I was looking at the TacX high power unit

http://www.ribblecycles.co.uk/sp/ro...h-Power-Trainer-Pro-Team/TACXTRAI675000000000

But was leaning more toward a CycleOps unit based on the paper specs and reviews! I'll maybe have to reconsider TacX and ask Evans(or another bike shop) about these nut things.

Unfortunately I dont have the facilities to do any modification to make something fit, its got to be good to go.


----------



## RedBike (1 Jul 2010)

Although I can't see any specific reason why it is generally recommend that you use rollers with a track bike instead of a turbo. (Maybe its just tradition?)
I used my road going fixie on an adapted Tacx fortius without any trouble.

On the turbo the bike doesn't have any momentum so you don't get the same 'fly-wheel' effect you get on the road.


----------



## Rob3rt (1 Jul 2010)

I cant use rollers since I live in an appartment block and the noise would drive people nuts, which is a shame! Id rather have rollers if it was a possibility tbh.


----------



## Domeo (1 Jul 2010)

Sorry, can't do the name thingy, but this is the link
http://www.tacx.com/en/producten/accessoires/index.dot


----------



## RedBike (2 Jul 2010)

Rob3rt said:


> I cant use rollers since I live in an appartment block and the noise would drive people nuts, which is a shame! Id rather have rollers if it was a possibility tbh.

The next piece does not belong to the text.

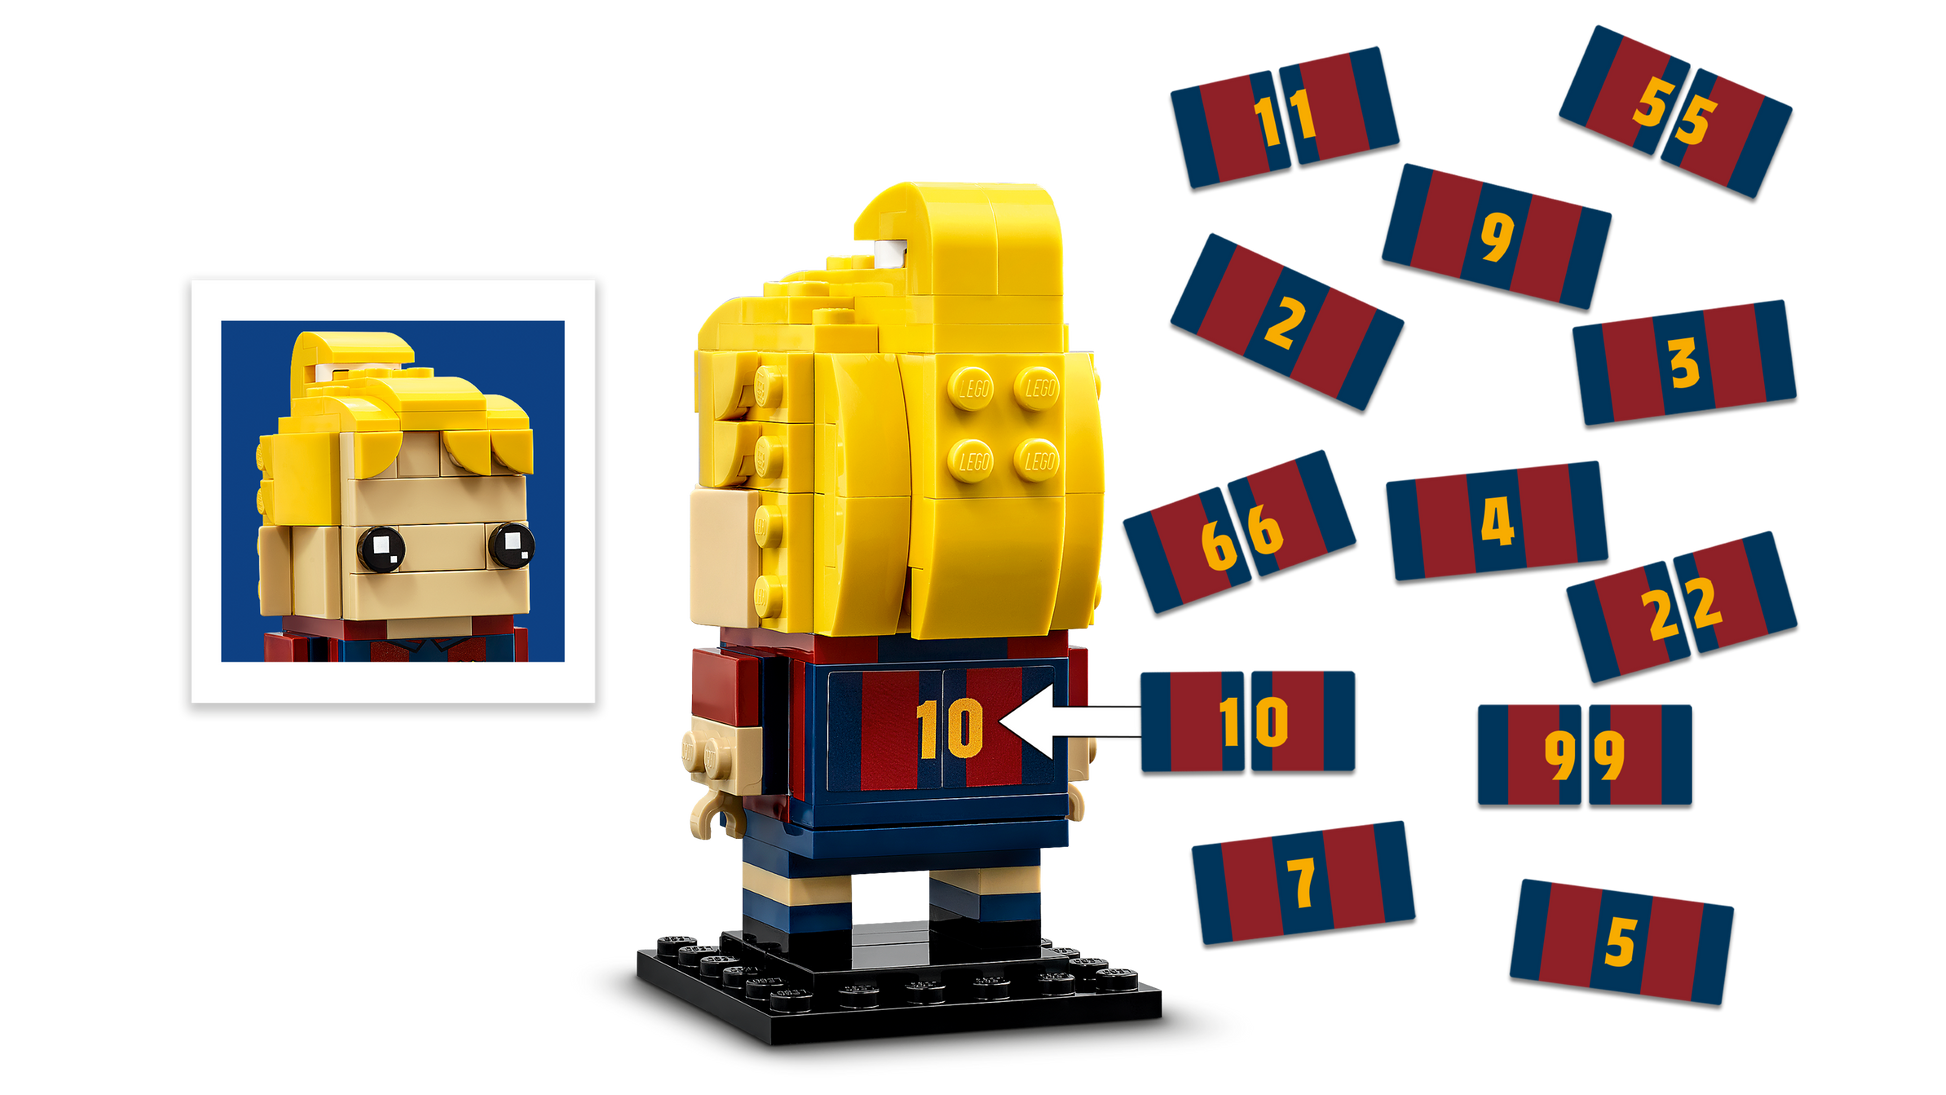 LEGO® set 40542

Turbo trainers arn't exactly quite. 

I've found that putting a foam camping mat down under the trainer and using a turbo training tyre seems to help a lot. 
It's the noise from the 'vibration' that seems to carry through the house not the 'wind' noise.


----------



## Rob3rt (2 Jul 2010)

Fluid trainers seem to be a fair bit quieter and smoother (less vibration?) though apparently, the neighours will have to live with a turbo, I can always put in on a mat like you said, rollers may be pushing it. Dont want to scoot of the size and burn the carpet either since the landlord has a good chunk of my cash as a deposit 

Might ride over to decathlon, evans (going there to exchange my muvi anyway) or edinburgh bike co-op and ask them if I can try my fixed bike in a few trainers to see which ones accept and which dont.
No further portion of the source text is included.